Reinforcement Twinning: from digital twins to model-based reinforcement learning

Lorenzo Schena,Pedro Marques,Romain Poletti,Samuel Ahizi,Jan Van den Berghe,Miguel A. Mendez
2024-07-11
Abstract:Digital twins promise to revolutionize engineering by offering new avenues for optimization, control, and predictive maintenance. We propose a novel framework for simultaneously training the digital twin of an engineering system and an associated control agent. The twin's training combines adjoint-based data assimilation and system identification methods, while the control agent's training merges model-based optimal control with model-free reinforcement learning. The control agent evolves along two independent paths: one driven by model-based optimal control and the other by reinforcement learning. The digital twin serves as a virtual environment for confrontation and indirect interaction, functioning as an "expert demonstrator." The best policy is selected for real-world interaction and cloned to the other path if training stagnates. We call this framework Reinforcement Twinning (RT). The framework is tested on three diverse engineering systems and control tasks: (1) controlling a wind turbine under varying wind speeds, (2) trajectory control of flapping-wing micro air vehicles (FWMAVs) facing wind gusts, and (3) mitigating thermal loads in managing cryogenic storage tanks. These test cases use simplified models with known ground truth closure laws. Results show that the adjoint-based digital twin training is highly sample-efficient, completing within a few iterations. For the control agent training, both model-based and model-free approaches benefit from their complementary learning experiences. The promising results pave the way for implementing the RT framework on real systems.
Systems and Control
What problem does this paper attempt to address?
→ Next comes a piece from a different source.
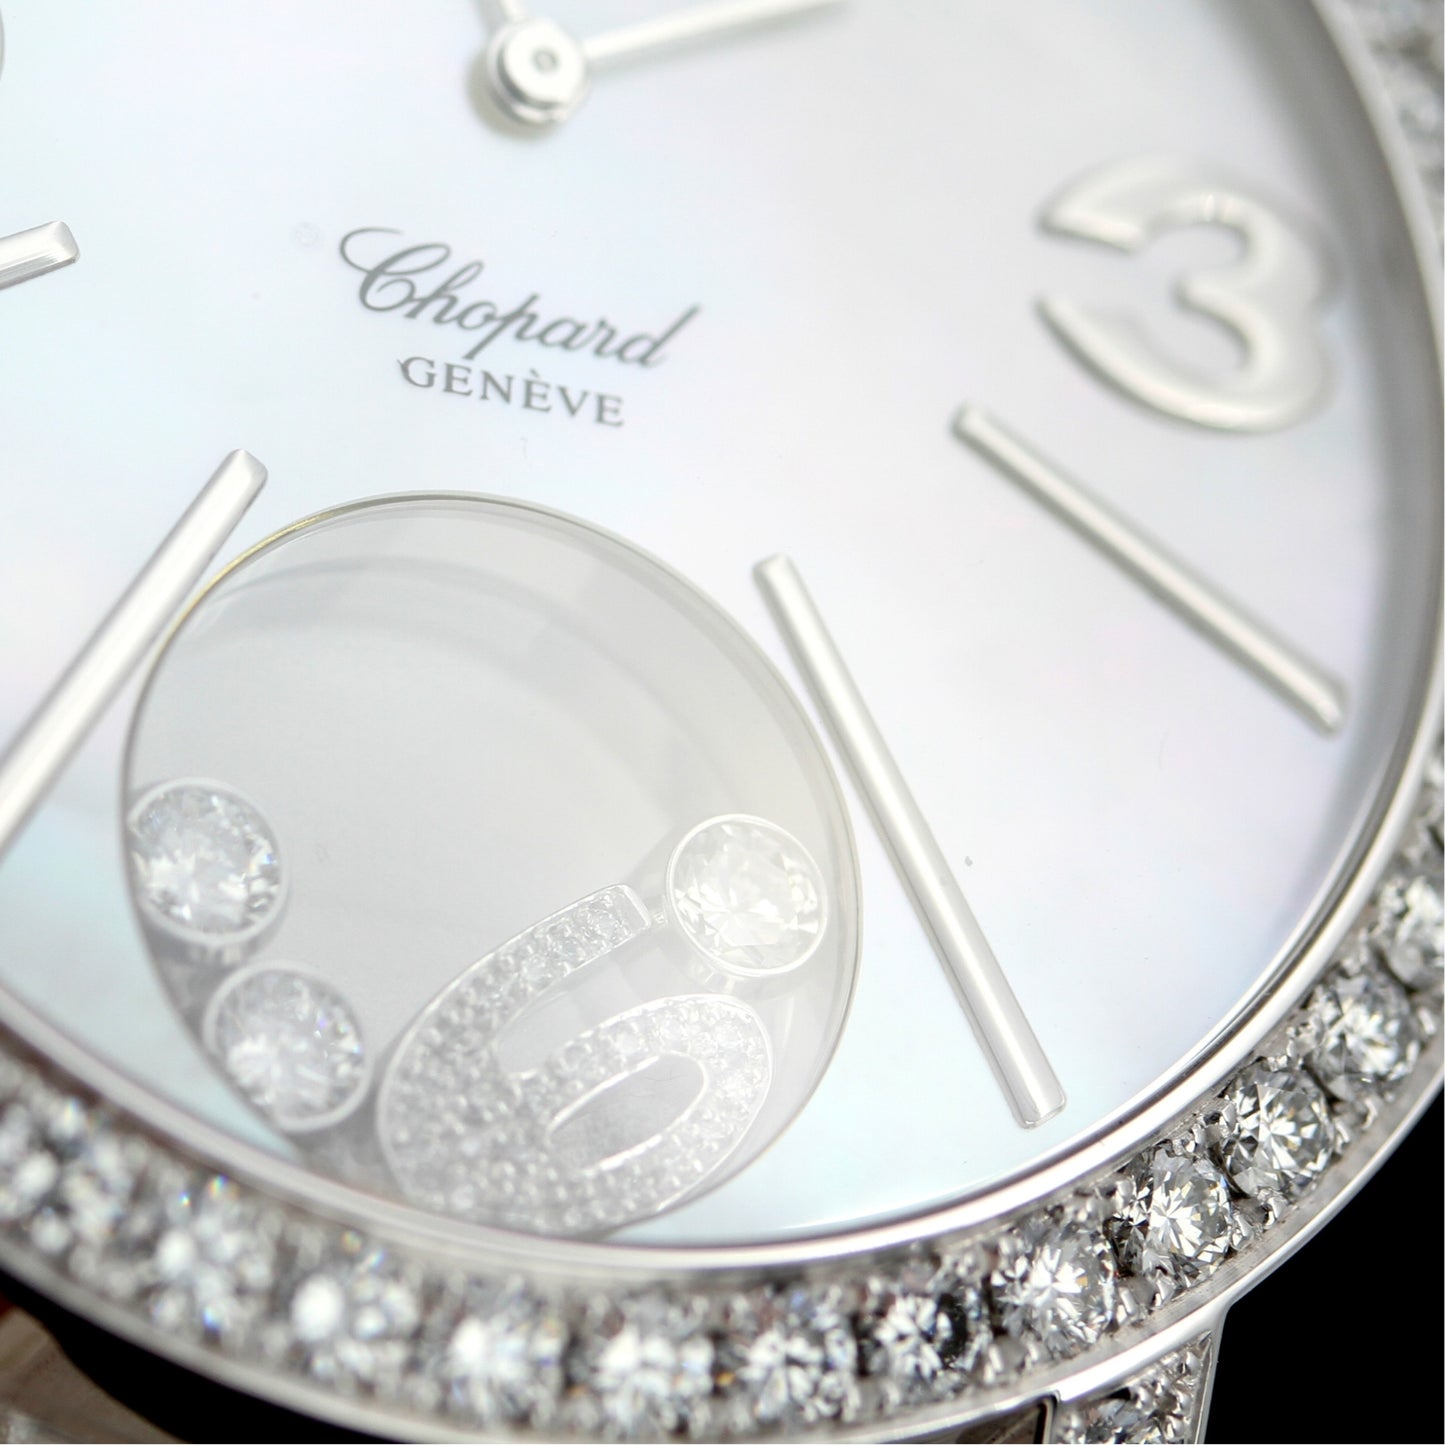 Chopard, Happy Diamonds Happy Time, 55 Diamonds, Mother of Pearl Dial, 207450-1005

This paper proposes a new framework called Reinforcement Twinning (RT) aiming to simultaneously train the digital twin of an engineering system and its associated control agent. The digital twin combines adjoint-based data assimilation and system identification methods, while the training of the control agent combines model-based optimal control and model-free reinforcement learning. During the training process, the control agent evolves along two separate paths, one driven by the model and the other driven by reinforcement learning. The digital twin serves as a virtual environment for indirect interaction between the two. When independent training stagnates, the best strategy is selected to interact with the real environment and "cloned" onto the other path. The RT framework was tested on three different engineering systems and control tasks: wind turbine wind speed control, flapping micro aerial vehicle trajectory control, and low-temperature tank heat load mitigation. Simplified models were used for experimentation, and the results showed that the digital twin achieved high efficiency in adjoint training samples and could be accomplished within a few iterations. In the training of the control agent, model-driven and model-free control training mutually benefited from complementary learning methods. The key point of the paper lies in combining the concept of real-time interactive digital twin with reinforcement learning to improve control efficiency and adaptability, laying the foundation for the future implementation of the RT framework in real systems.